Material for the task:
# # # # #
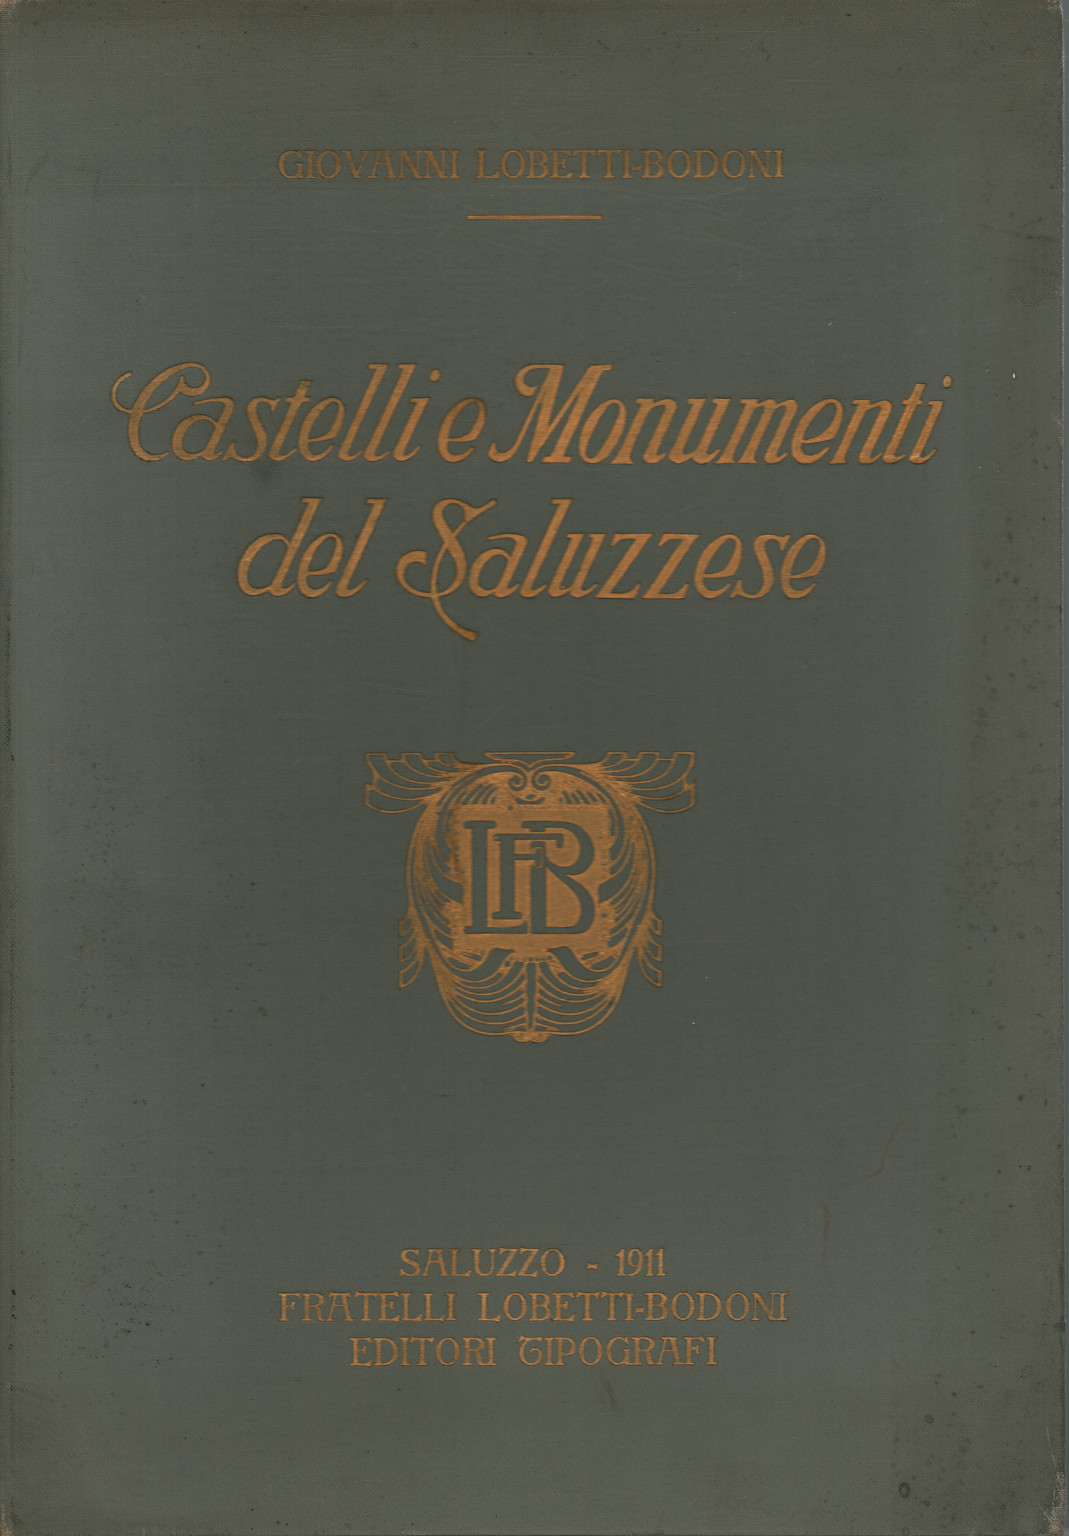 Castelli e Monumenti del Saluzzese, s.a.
# # # # #
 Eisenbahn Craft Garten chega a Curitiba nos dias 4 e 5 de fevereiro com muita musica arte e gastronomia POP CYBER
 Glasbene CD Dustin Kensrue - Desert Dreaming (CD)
# # # # #
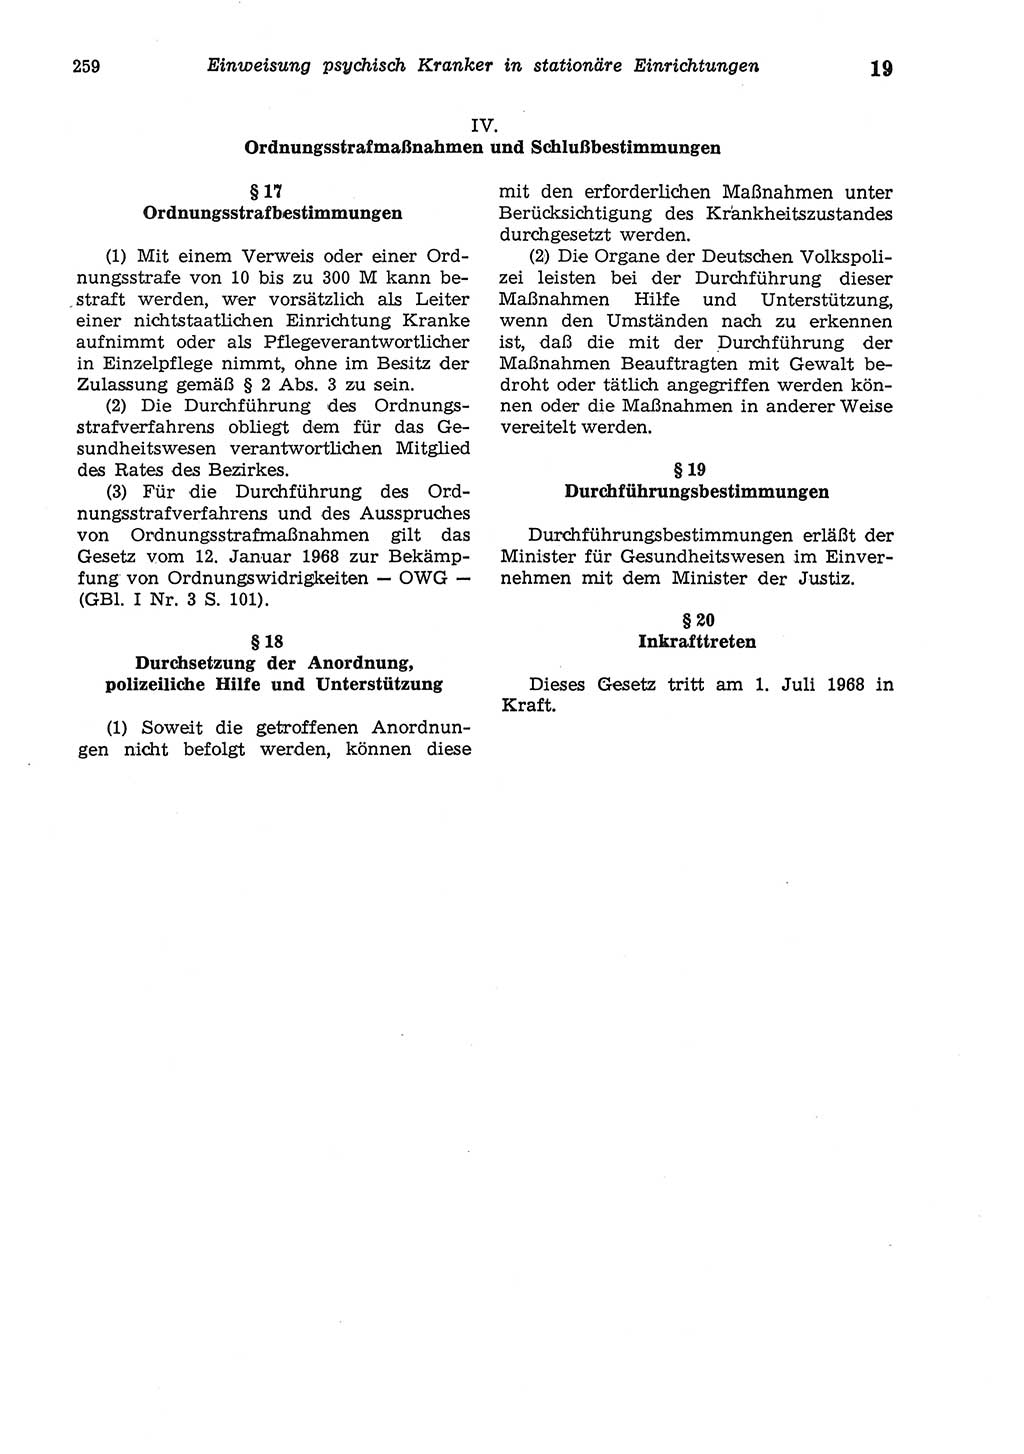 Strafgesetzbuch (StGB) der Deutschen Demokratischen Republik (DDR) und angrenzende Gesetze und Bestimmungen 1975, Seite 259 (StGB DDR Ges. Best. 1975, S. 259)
# # # # #
Could you reproduce exactly the lines of the entries above, from the one with "Eisenbahn Craft Garten" through the one with "Glasbene CD Dustin", and nothing else?

 Eisenbahn Craft Garten chega a Curitiba nos dias 4 e 5 de fevereiro com muita musica arte e gastronomia POP CYBER
 Glasbene CD Dustin Kensrue - Desert Dreaming (CD)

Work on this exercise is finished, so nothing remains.